Ultrafast machine learning on FPGAs via Kolmogorov-Arnold Networks (aarushgupta.io)
92 points by ag2718 2 hours ago
mikeayles 27 minutes ago
So for people wondering if it can be used to accelerate LLM inference, sadly not.
I've been trying to hit 100,000tokens/s with a 3.28m dumb model, and even this is an order of magnitude too large to benefit.
It appears to be focussed more on latency, than throughput. Happy to be corrected?
ag2718 23 minutes ago
You're correct that this work is not very applicable for LLMs and that the focus here is primarily on latency.
tomrod 20 minutes ago
Happy to hear that KANs continue to find solid footing.
RantyDave 2 hours ago
Right. But ... this would limit you to either extremely small models or extremely large FPGA's, yes? If there's a simple machine learning task that requires a sub microsecond latency I can see the point but otherwise??
ag2718 an hour ago
Yes, this work is focused on accelerating very small models, typically for real-time systems that require extremely low power or low latency.
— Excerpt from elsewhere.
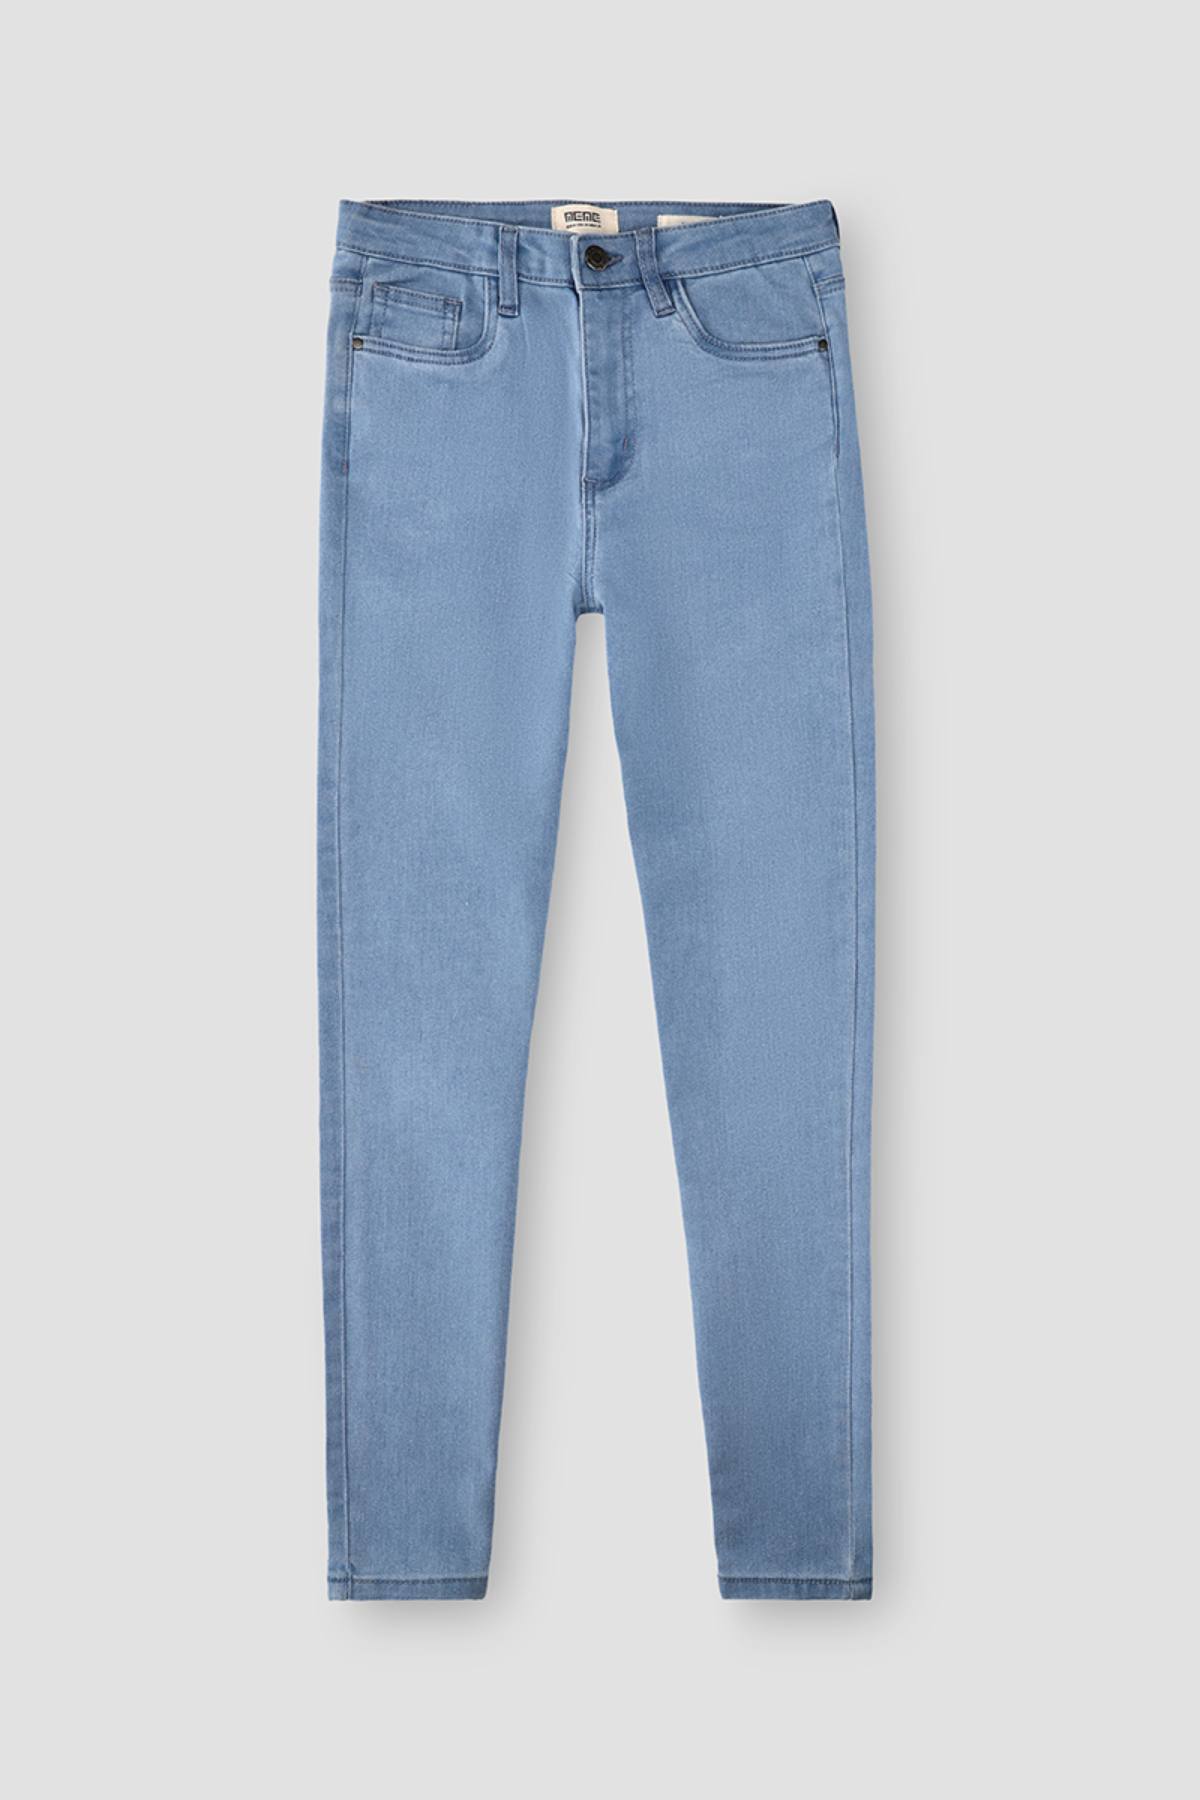 Lige Råd Møntvask Skinny Fit Light Wash Denim Jeans Light Blue – MEME
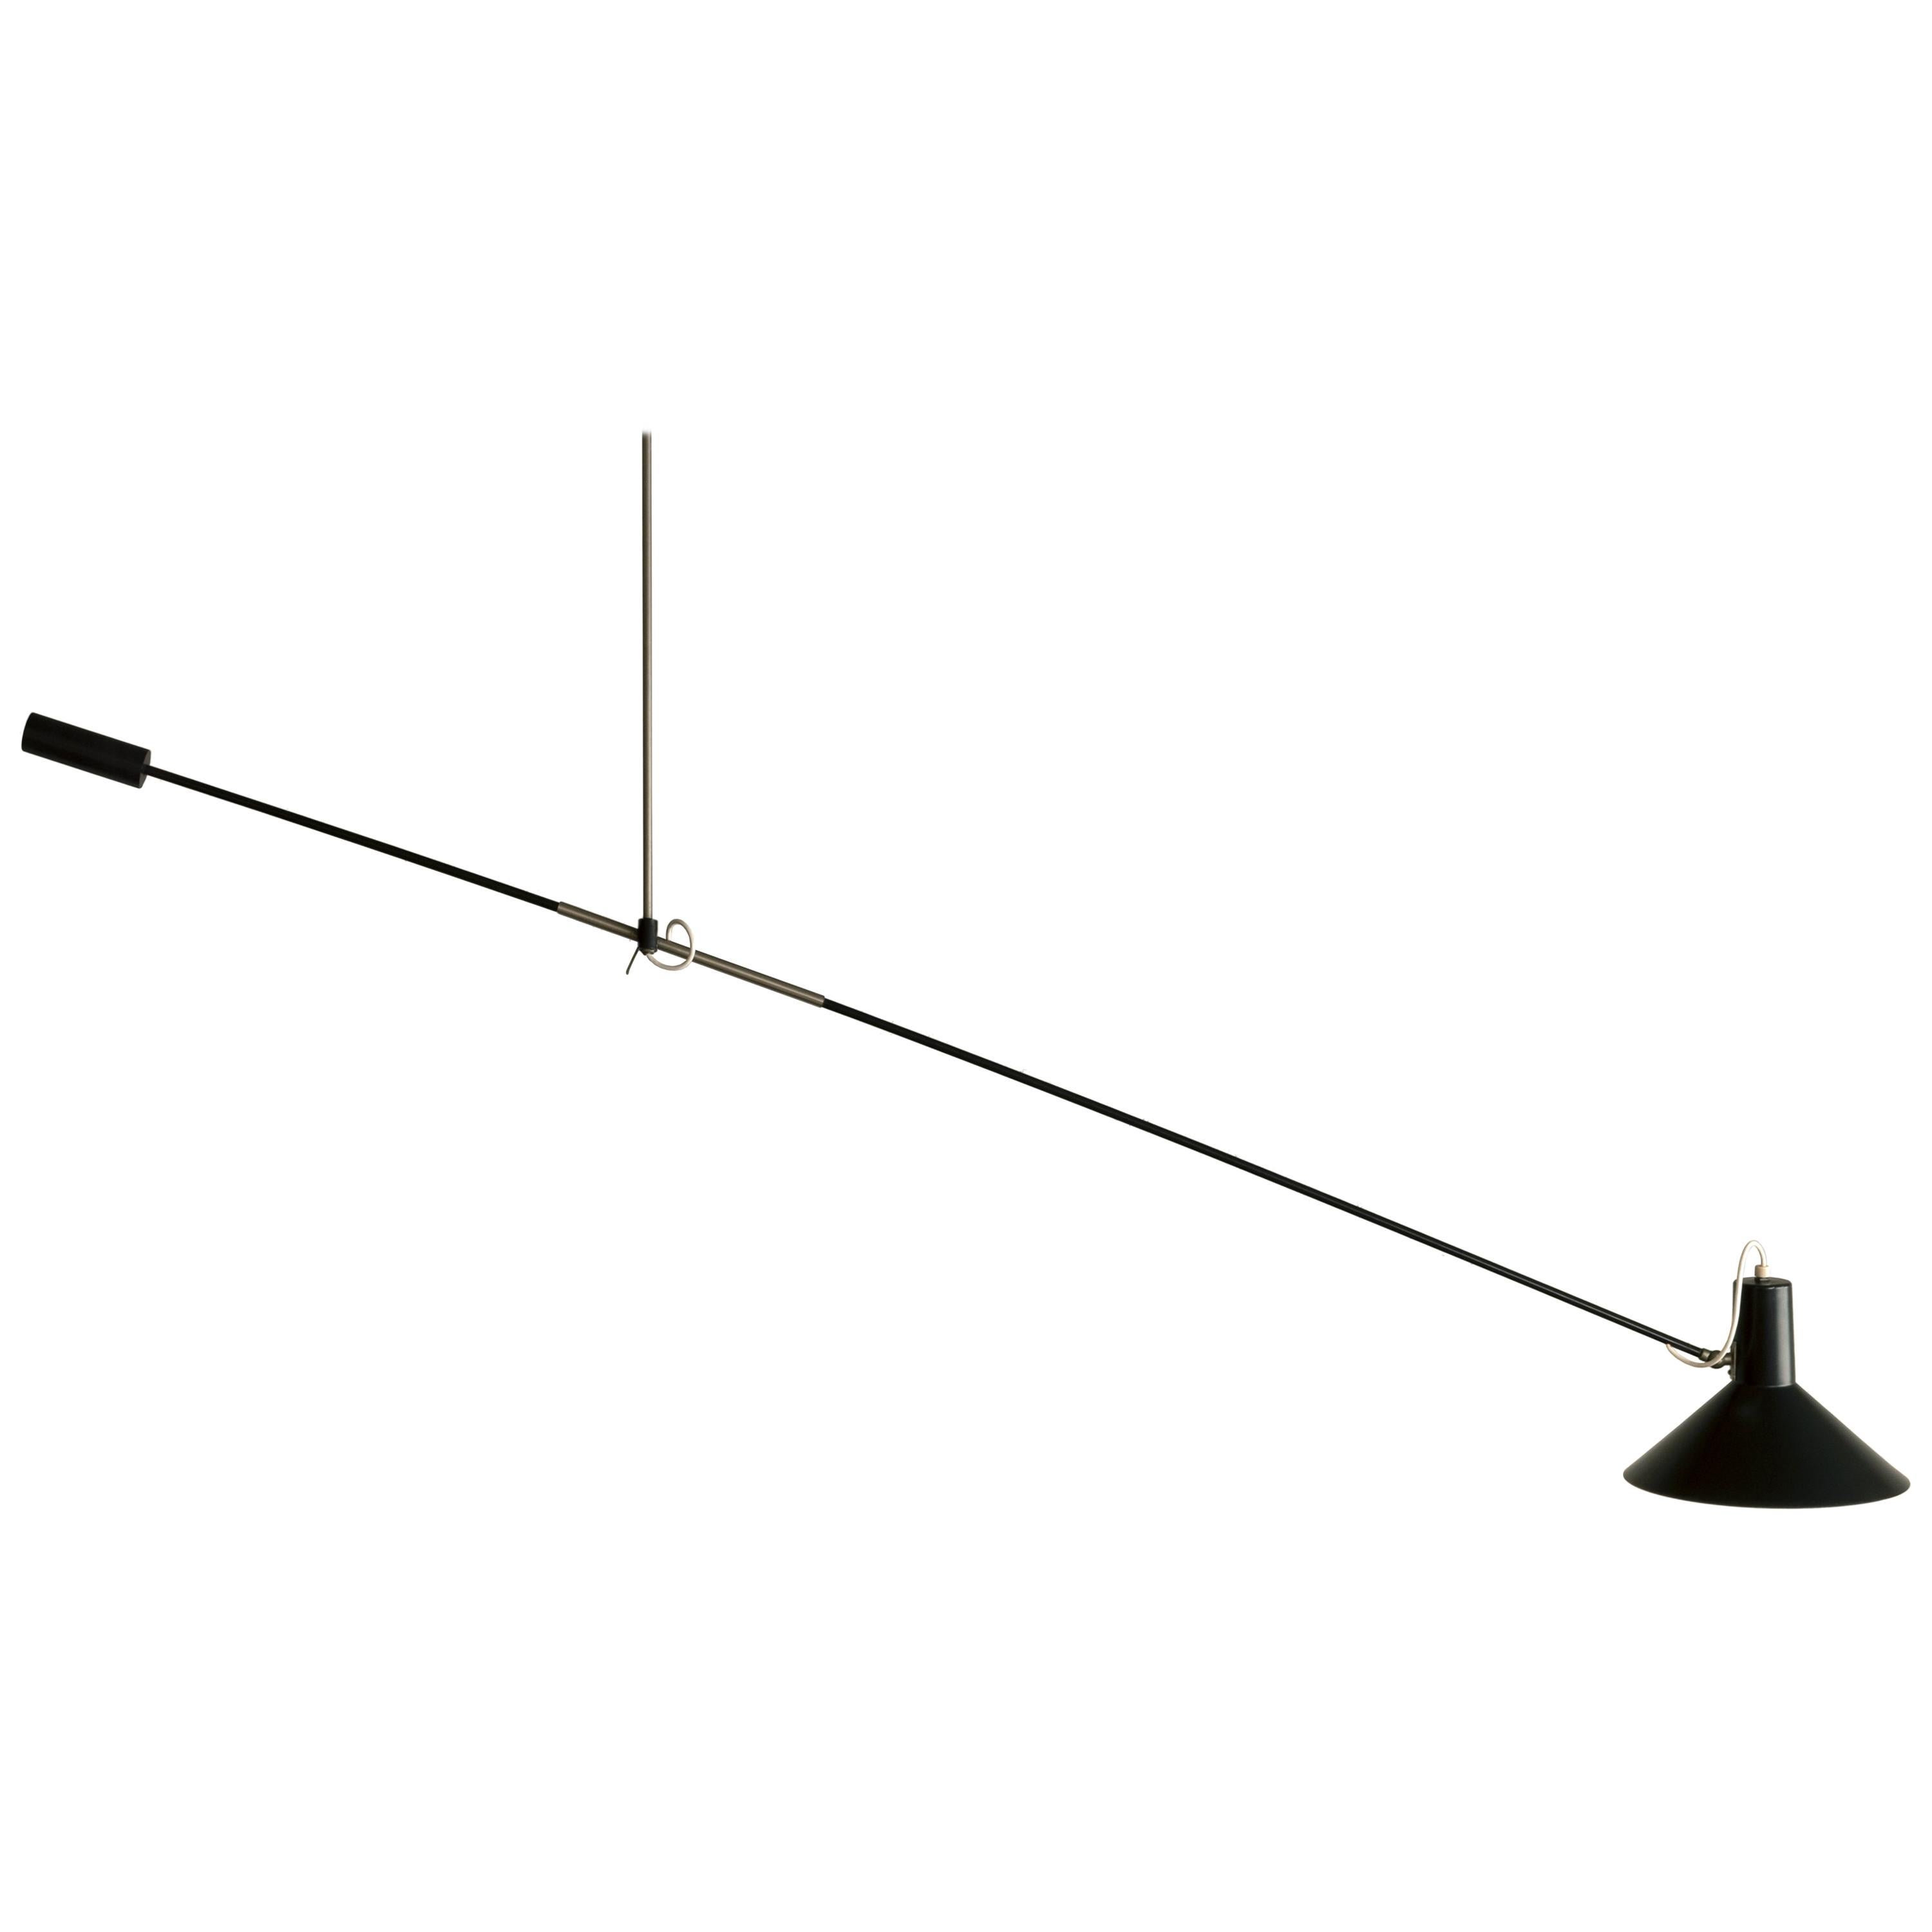 J.J.M. Hoogervorst black counter balance ceiling lamp for Anvia, Netherlands

One primary application of this work is in high-energy physics (https://home.cern/smarter-decisions-at-the-speed-of-collisio...). Ultrafast and real-time learning is also very applicable for problems in quantum computing, plasma control, etc. (https://arxiv.org/pdf/2602.02005).
poly2it an hour ago
I'm not in HFT, but I assume this is also an interesting applicable domain?
ag2718 an hour ago
Animats an hour ago
This guy will be hired by a high-frequency trading firm, and the next time we hear about him, he will have a net worth in 9 figures.
throwaw12 an hour ago
he is already at Jane Street
Animats an hour ago
Of course.
babelfish an hour ago
Archive link, as it looks like the original post was taken down: https://web.archive.org/web/20260609200156/https://aarushgup...
ag2718 an hour ago
Hmm the post is still up for me?
dang 43 minutes ago
For us too, but we'll put the archive link in the toptext since these things seem to vary a lot by region.
p.s. Thanks for posting this and welcome to HN!